I had a guy tell me that he was going to pray for me. And not for anything worthwhile either – like that I might win the lottery or that Lucy Lawless might develop an incurable mental disorder that causes her to fall in love with me –no he just wanted God to save my soul.
It happened on Tuesday night. I was supporting Wil Anderson.

My guess was the crowd numbered in at around 350 to 400. I could be well wrong but it’s my story ok?
The material I was doing that night was fairly political, mostly dealing with religious bigotry and that most religious leaders wouldn’t want Jesus to come back because that would mean their little money making scams are over.
Anyhow, I didn’t steal the show or anything but the crowd liked it and when I walked off stage I was met by the Chrimbo in question.
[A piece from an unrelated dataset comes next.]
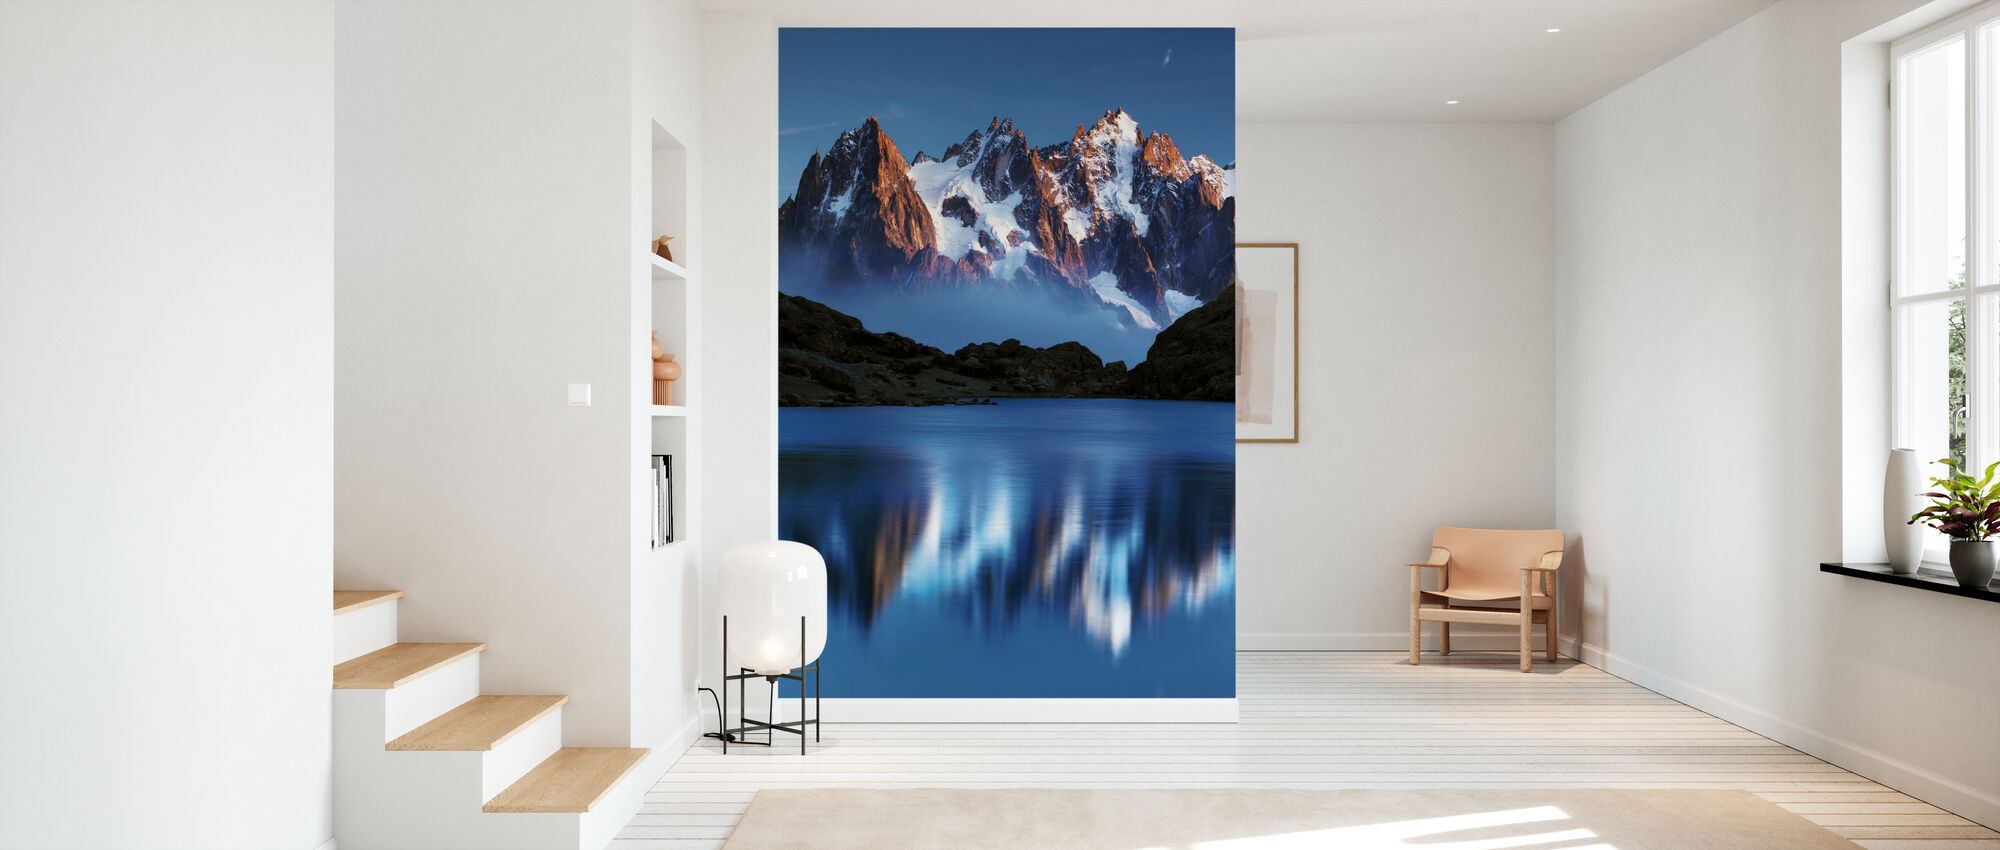 Blue Mountain Mirror - Wallpaper - Hallway

He was so incensed by what I was saying that he actually tried to get me to change my material. He actually said “do you really believe all that stuff you say up there, or do you just say it to get laughs?”
Now to me that’s the equivalent of walking up to him after church and saying “do you really believe this stuff or do you just go through the motions because you think it’s better to be safe than sorry?”
When I explained my position (that I’m not anti-Jesus, I’m just anti religious leaders and having grown up in a strict Catholic household I know what I’m on about) he was even more upset and told me I was going to hell.
I told him that I didn’t think I was, but I appreciated his concern and that I was sorry if I offended him.
He told me he was going to pray for me and walked away in to the night.
Ok, question number 1. If you’re the sort of person that doesn’t like your beliefs to be challenged, what the hell are you doing at a Wil Anderson gig? Stay at home, watch the Vicar of Dibley, and reassure your cat that everything’s going to be “ok” even though they’re making nasty jokes about Jesus.
Pray for me? Pray for a brain you fucksock. Or if anything, pray for me to get a better outfit. Can't believe I wore that hat on stage, I look like I've killed and eaten Wes Carr and made a suit out of his skin.